D.Foreign Currency. Investment securities and other assets and liabilities denominated in foreign currencies are translated into U.S. dollar amounts using the spot rate of exchange at the date of valuation. Purchases and sales of investment securities and income and expense items denominated in foreign currencies are translated into U.S. dollar amounts on the respective dates of such transactions. The Fund isolates the portion of the results of operations resulting from changes in foreign exchange rates on investments from the fluctuations arising from changes in market prices of securities held. That portion of gains (losses) attributable to the changes in market prices and the portion of gains (losses) attributable to changes in foreign exchange rates are included on the “Statement of Operations” under “Net realized gain (loss) – Foreign currency” and “Change in Net Unrealized Appreciation (Depreciation) – Foreign Currency,” respectively.

The Fund reports net realized foreign exchange gains or losses that arise from sales of foreign currencies, currency gains or losses realized between the trade and settlement dates on securities transactions, and the difference between the amounts of dividends, interest, and foreign withholding taxes recorded on the Fund’s books and the U.S. dollar equivalent of the amounts actually received or paid. Net unrealized foreign exchange gains and losses arise from changes in the fair values of assets and liabilities, other than investments in securities at fiscal period end, resulting from changes in exchange rates.

E.Federal Income Taxes.

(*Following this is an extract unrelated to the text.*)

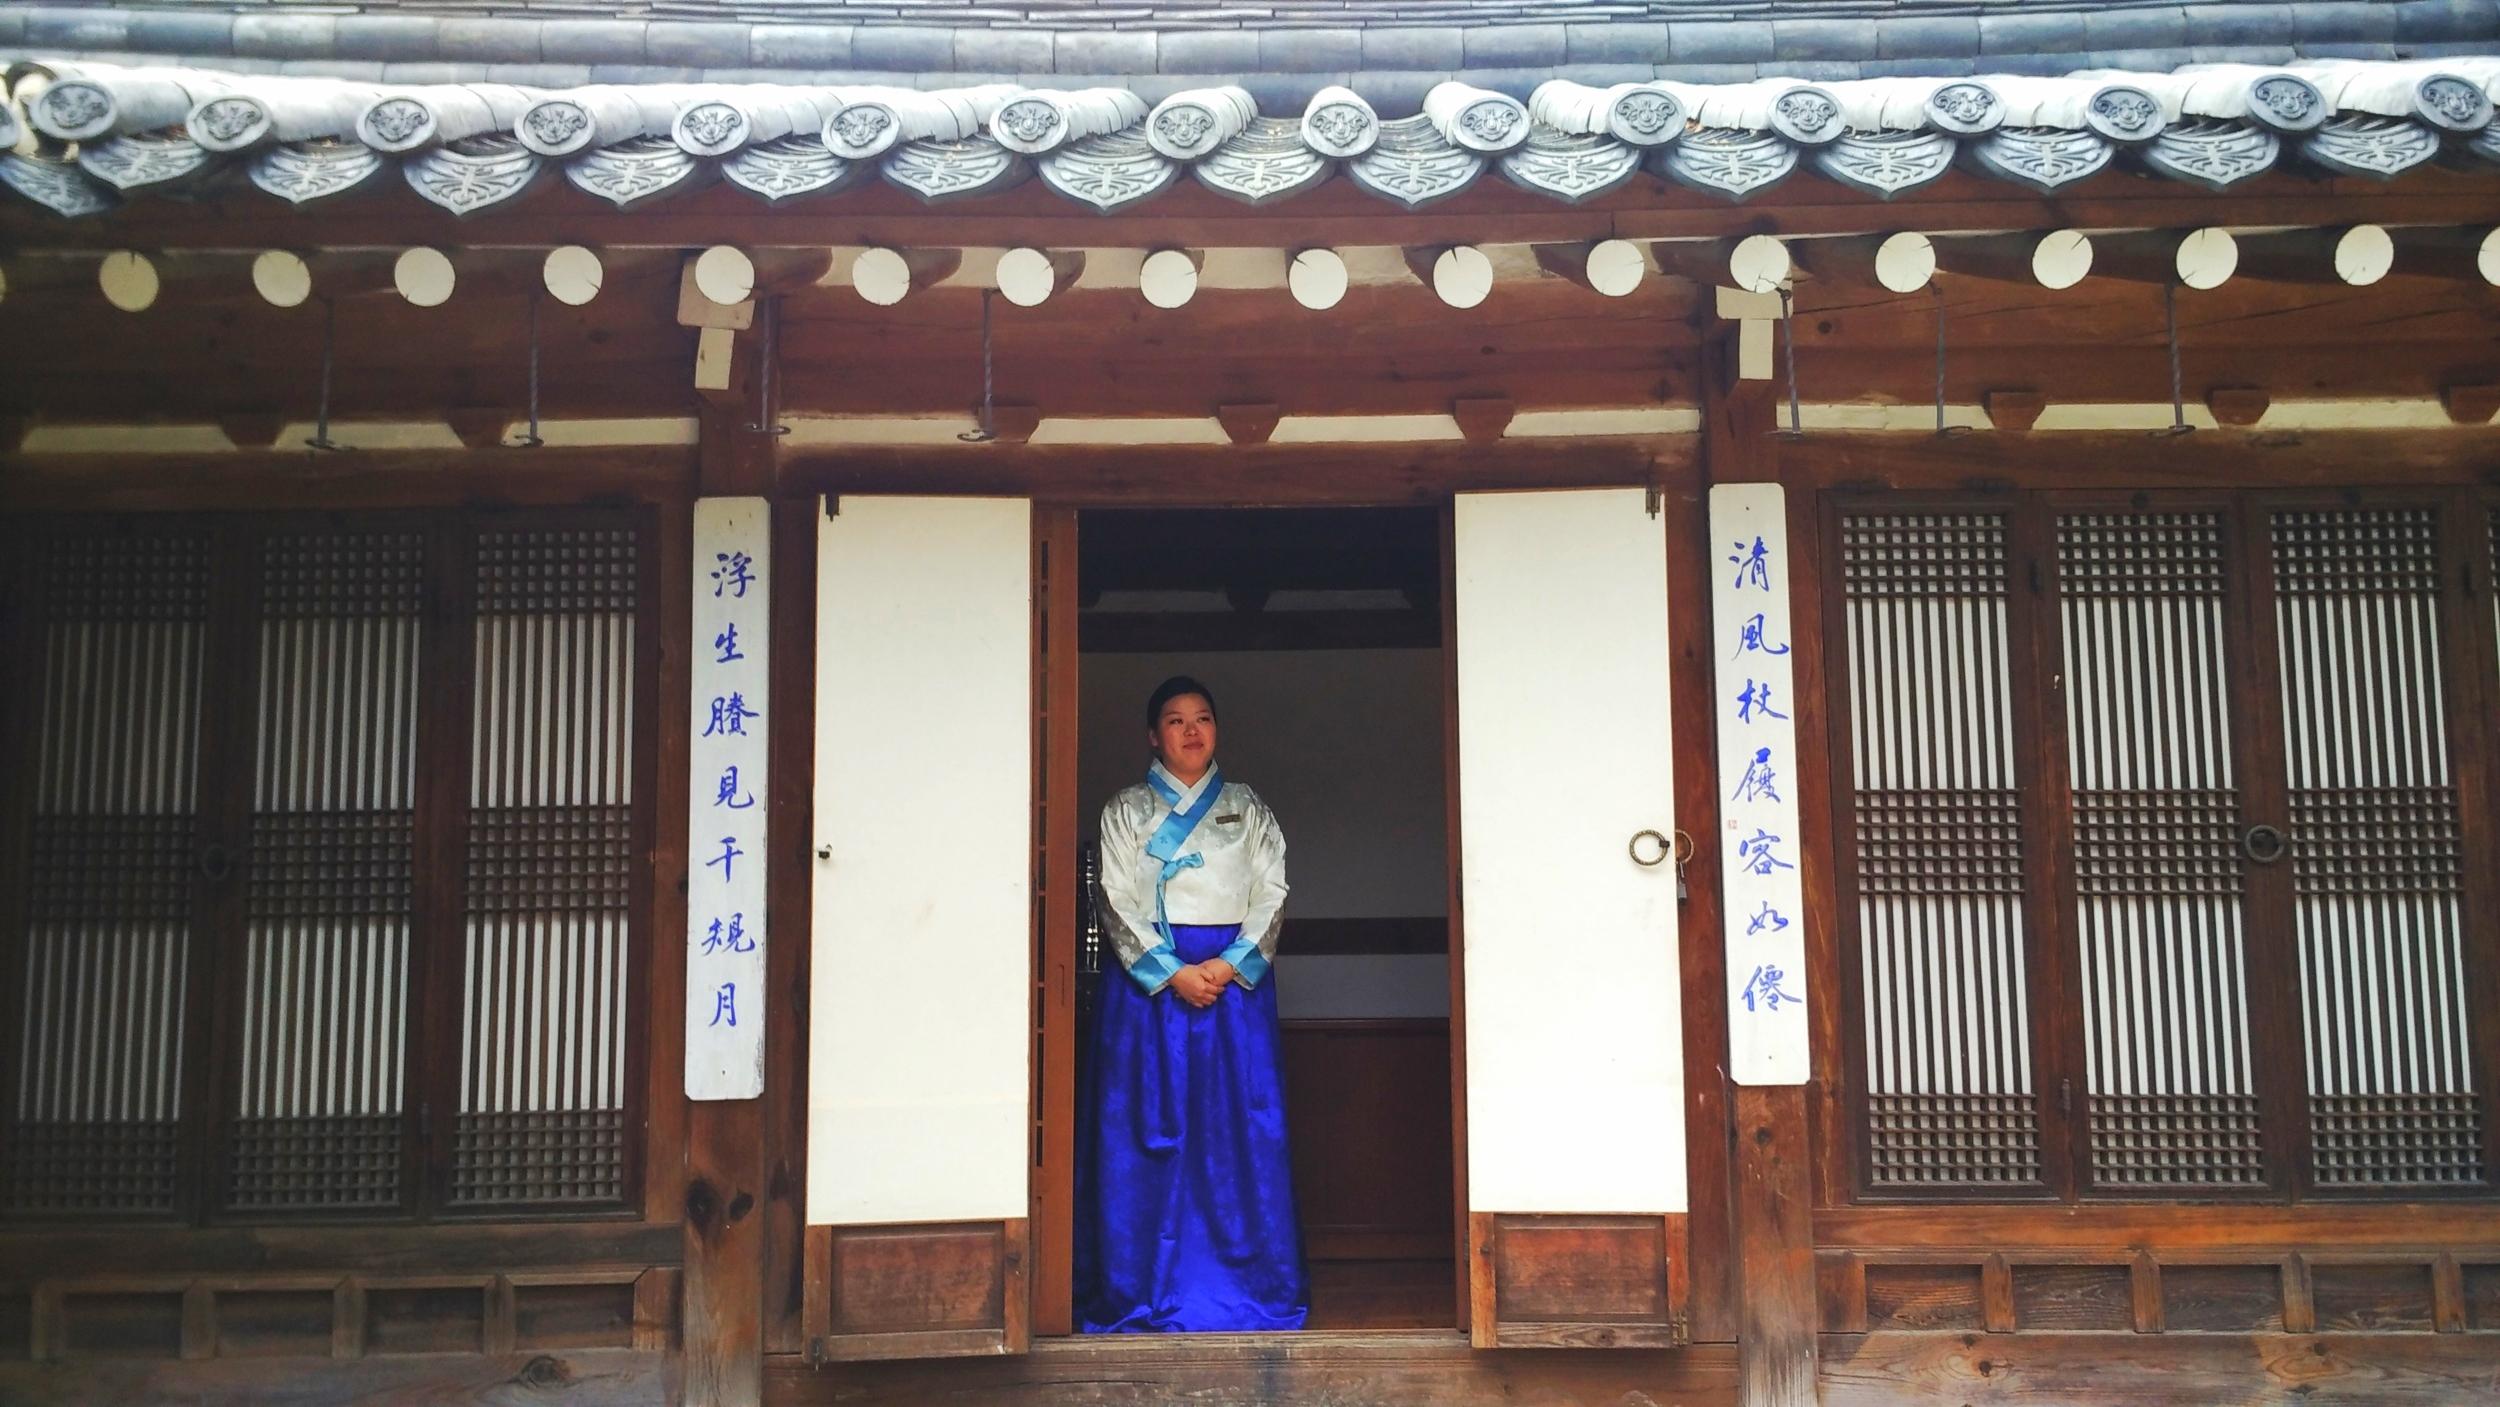 Lady in Hanbok, Korea House

The Fund’s policy is to comply with the provisions of Subchapter M of the Internal Revenue Code of 1986, as amended, applicable to regulated investment companies and to distribute substantially all of their net investment income and net capital gains to shareholders. Therefore, no federal income tax provision is required. Each Fund plans to file U.S. Federal and various state and local tax returns.

The Fund recognizes the tax benefits of uncertain tax positions only when the position is more likely than not to be sustained. Management has analyzed the Fund’s uncertain tax positions and concluded that no liability for unrecognized tax benefits should be recorded related to uncertain tax positions. Management is not aware of any tax positions for which it is reasonably possible that the total amounts of unrecognized tax benefits will change materially in the next 12 months. Income and capital gain distributions are determined in accordance with federal income tax regulations, which may differ from U.S. GAAP. The Fund recognizes interest and penalties, if any, related to unrecognized tax benefits on uncertain tax positions as income tax expenses in the Statements of Operations. During the current fiscal period, the Fund did not incur any interest or penalties.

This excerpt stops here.